- **YOUR INSTRUCTIONS**
Would you set down the data that follows, word for word, without any pictures?

START PROVIDED DATA

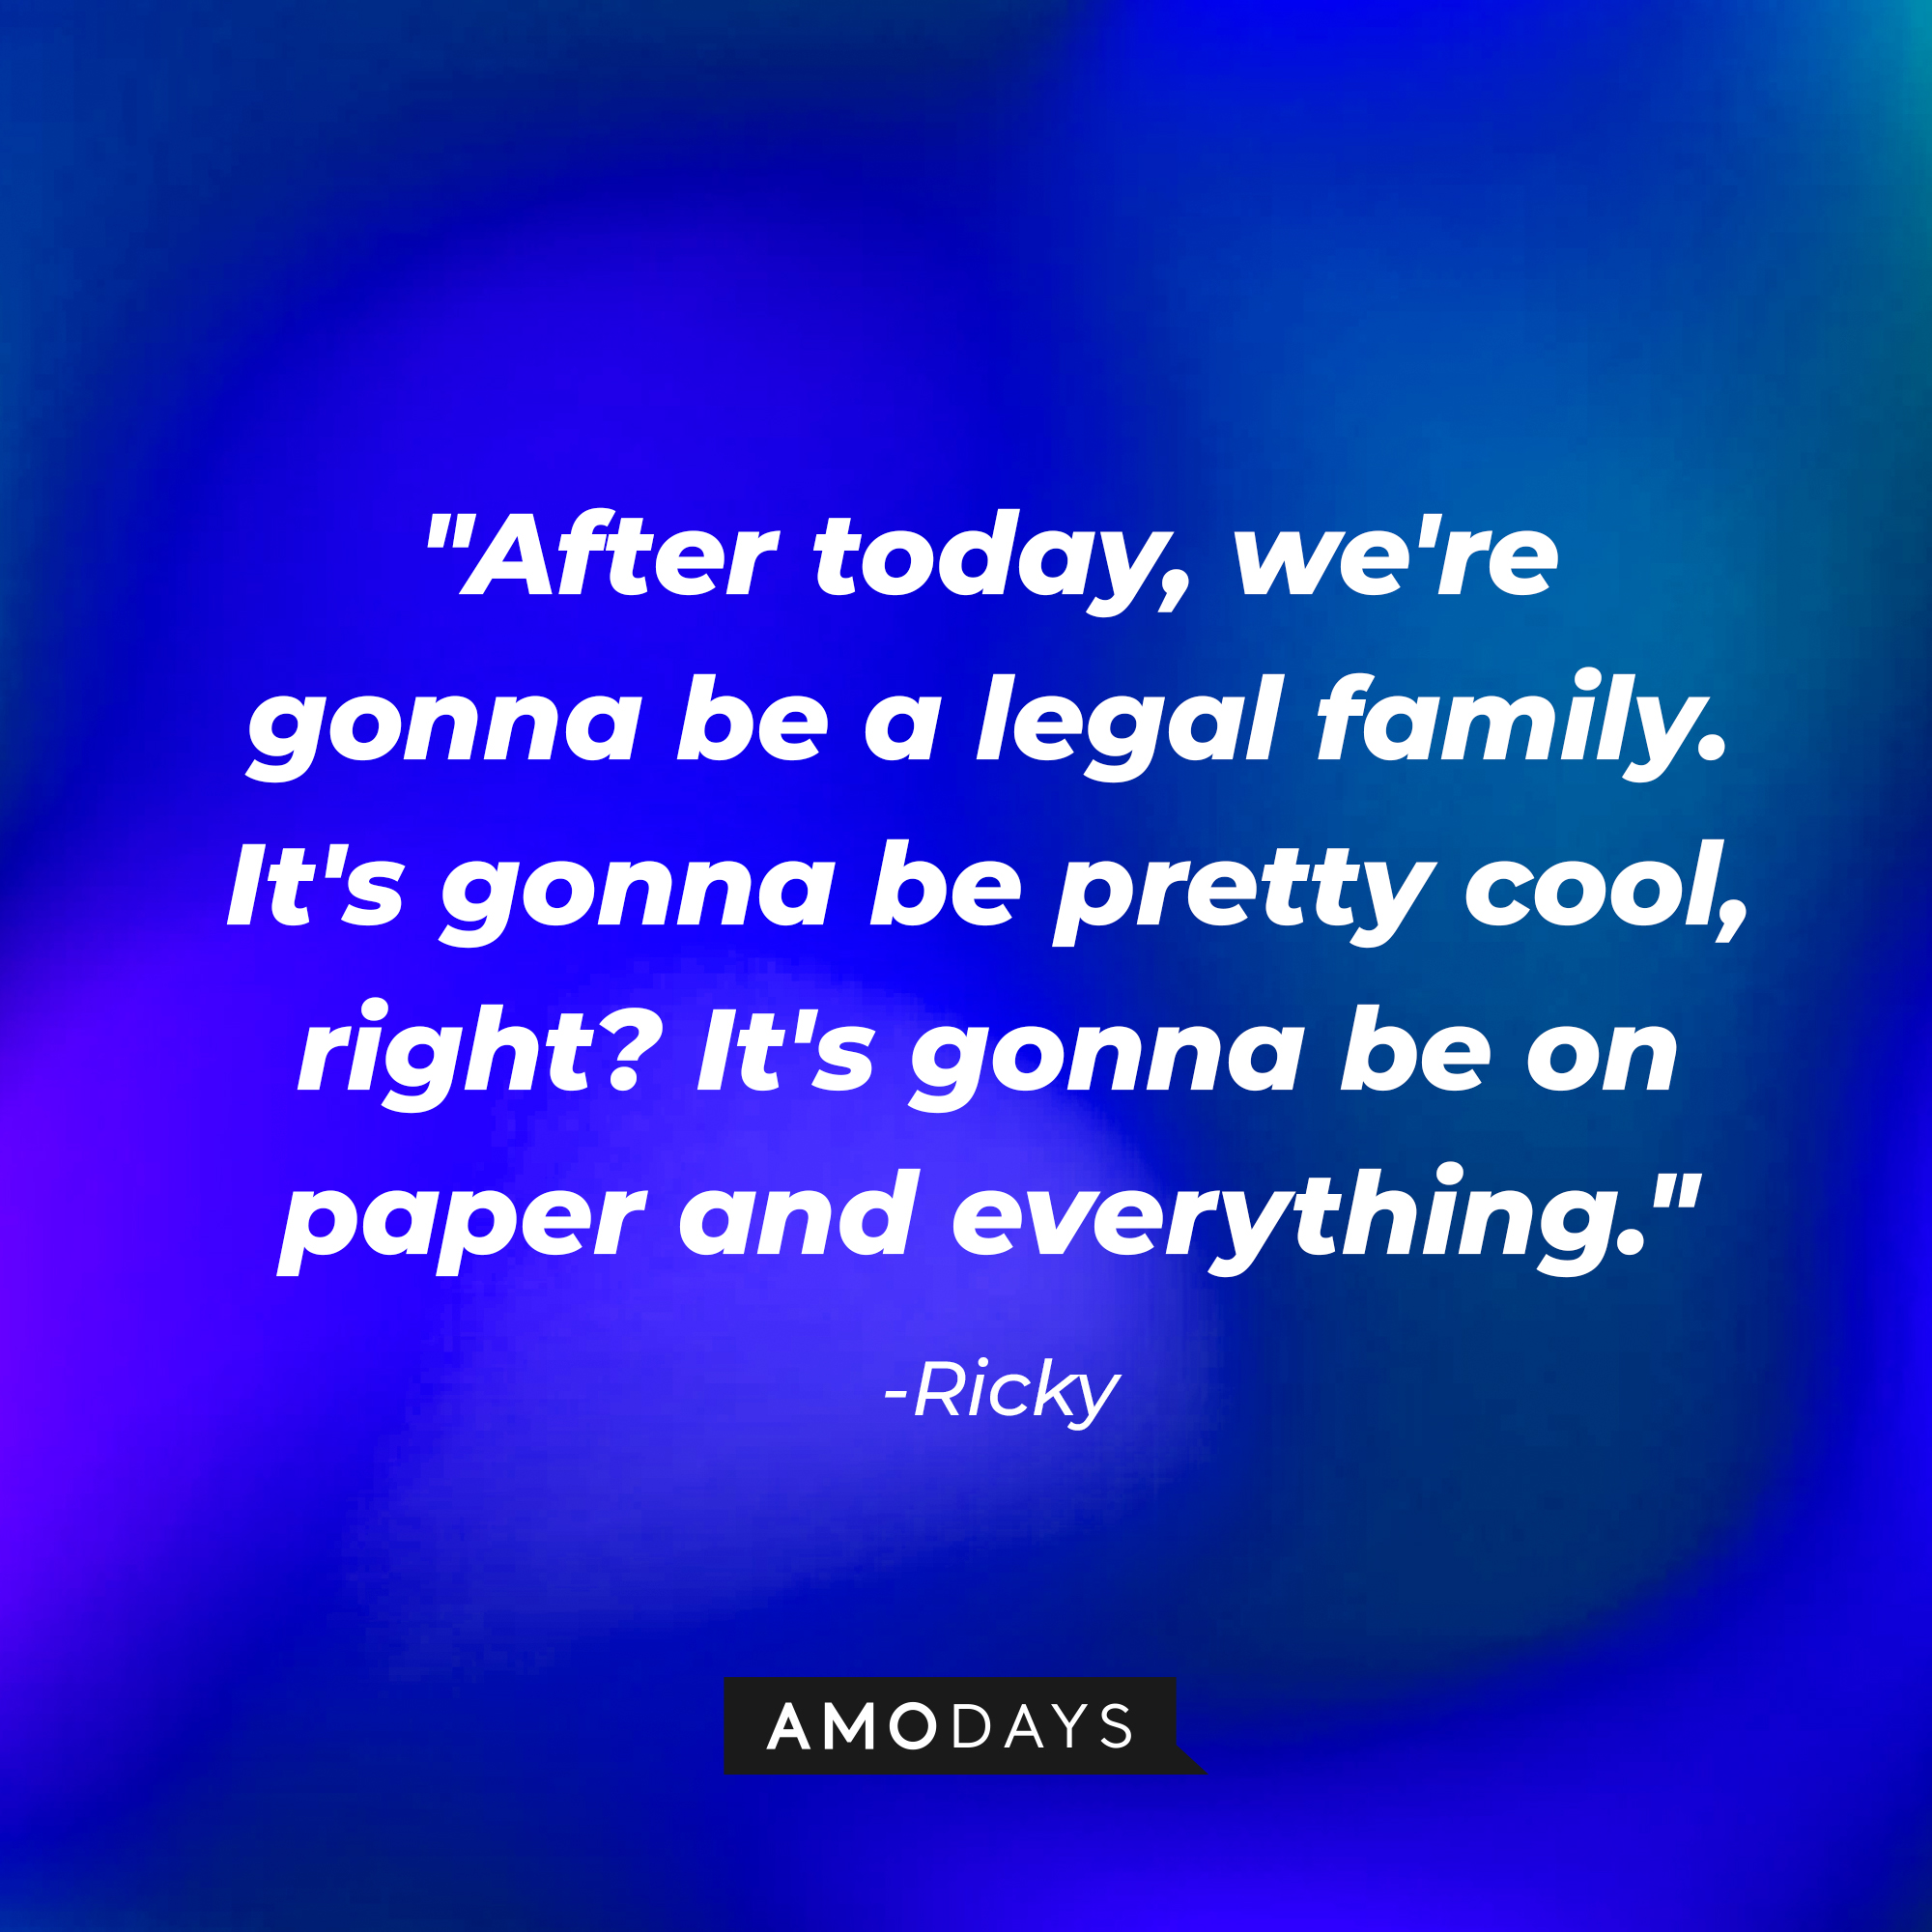 Ricky's quote, "After today, we're gonna be a legal family. It's gonna be pretty cool, right? It's gonna be on paper and everything." | Source: AmoDays
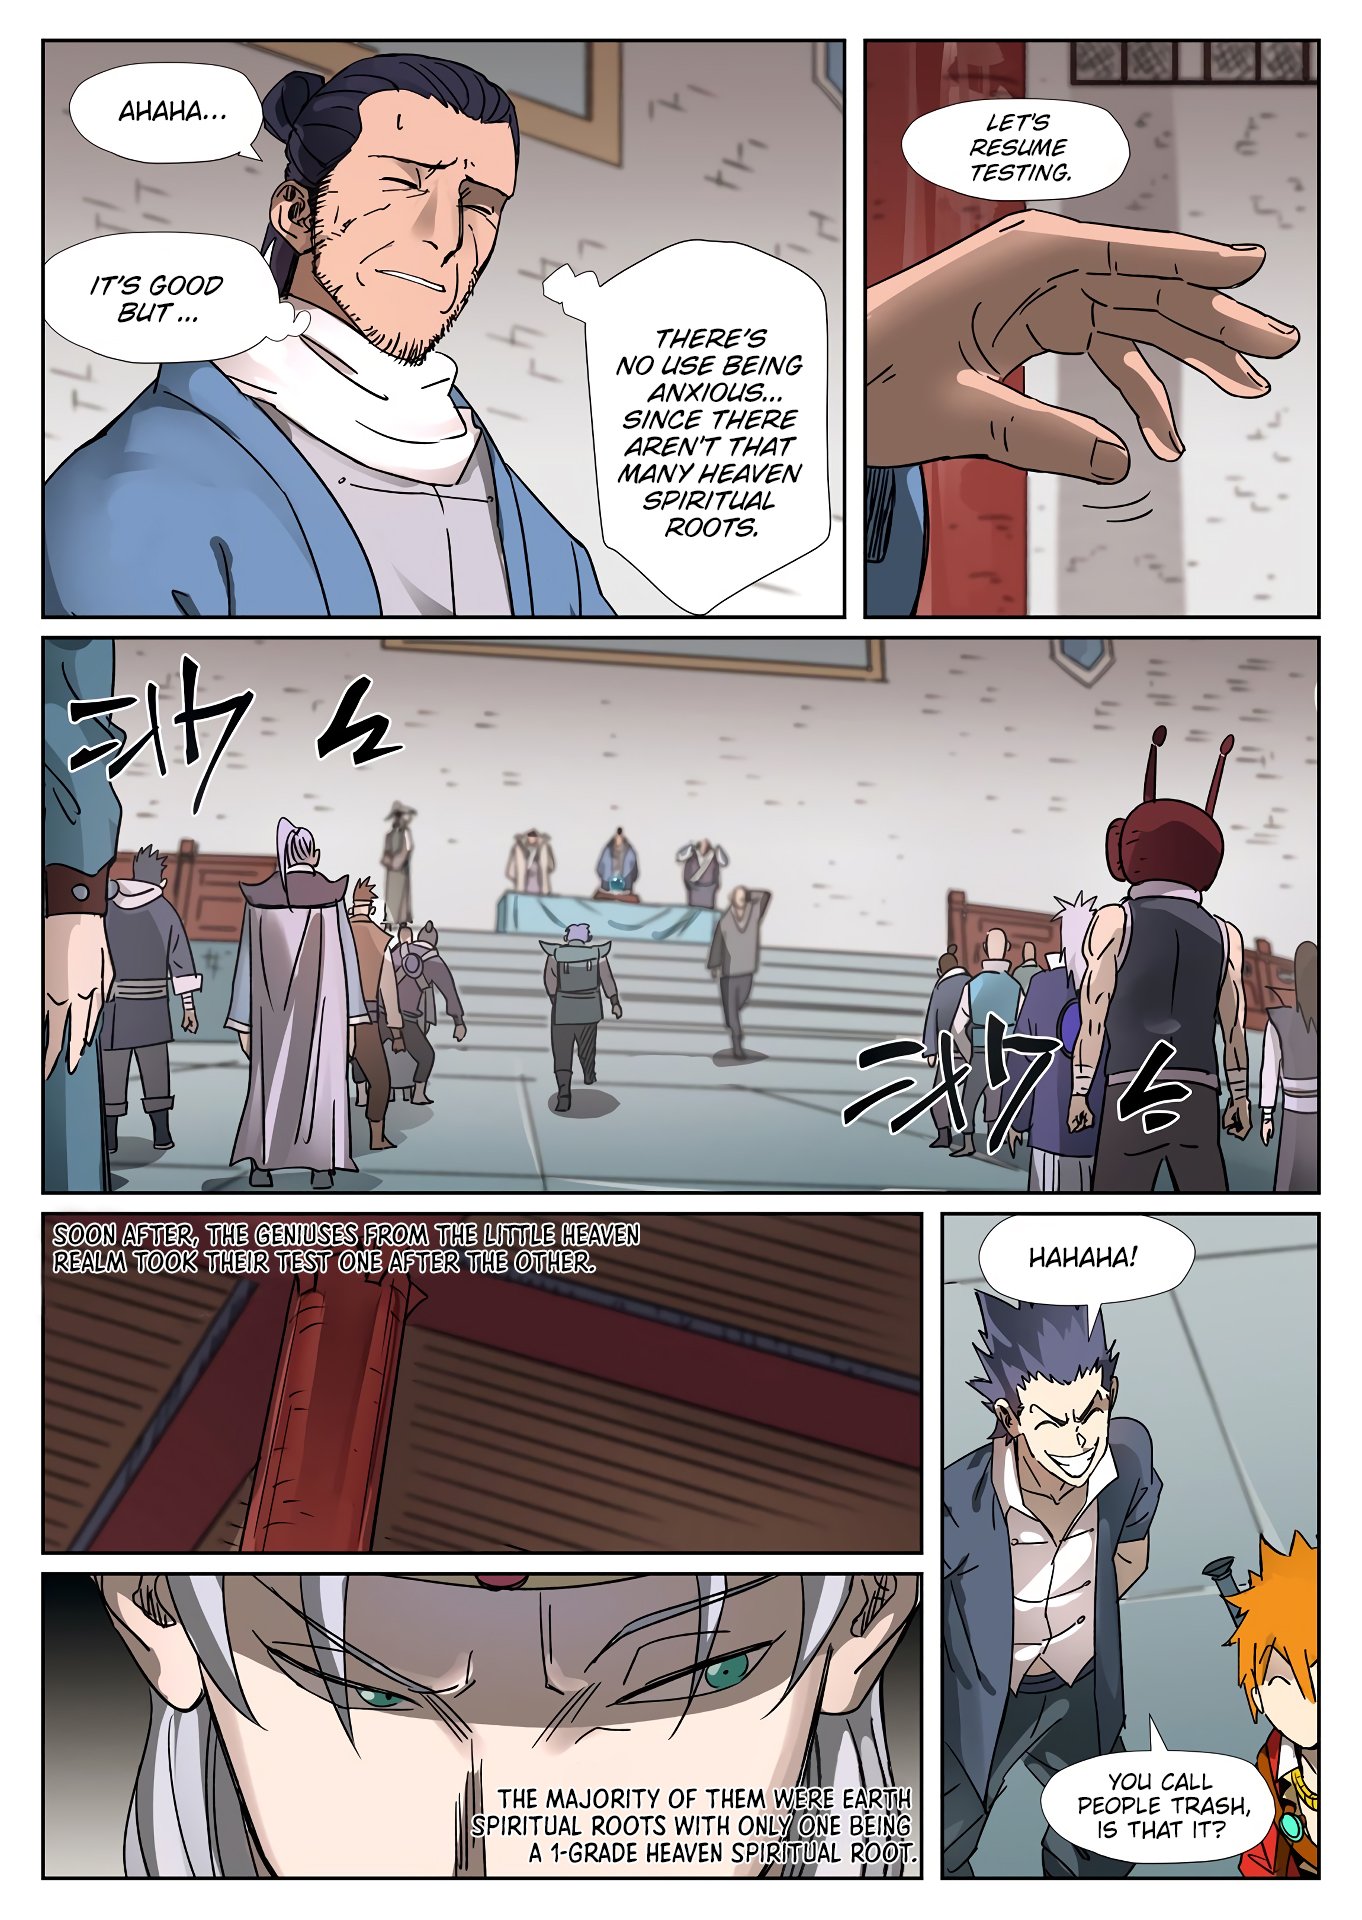 Tales of Demons and Gods Manhua Chapter 300.5 - Page 1
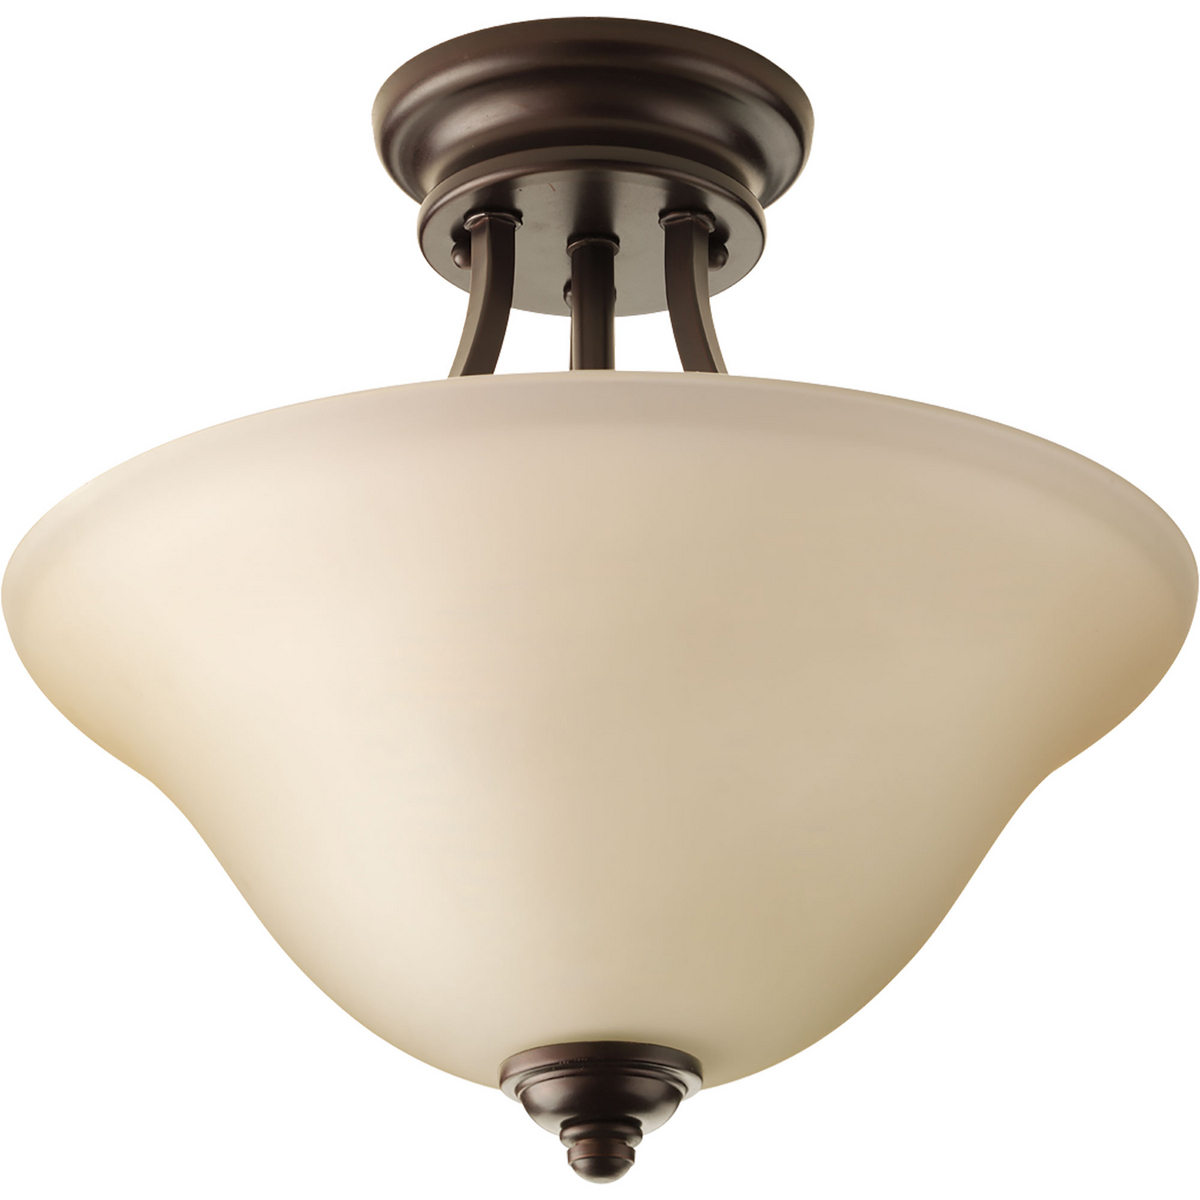 The spirit of craftsmanship prevails with subtle forms. Light umber etched glass shade. Two-Light semi flush mount..

END PROVIDED DATA

- **RESULT**
 Ricky's quote, "After today, we're gonna be a legal family. It's gonna be pretty cool, right? It's gonna be on paper and everything." | Source: AmoDays
 Tales of Demons and Gods Manhua Chapter 300.5 - Page 1
 The spirit of craftsmanship prevails with subtle forms. Light umber etched glass shade. Two-Light semi flush mount..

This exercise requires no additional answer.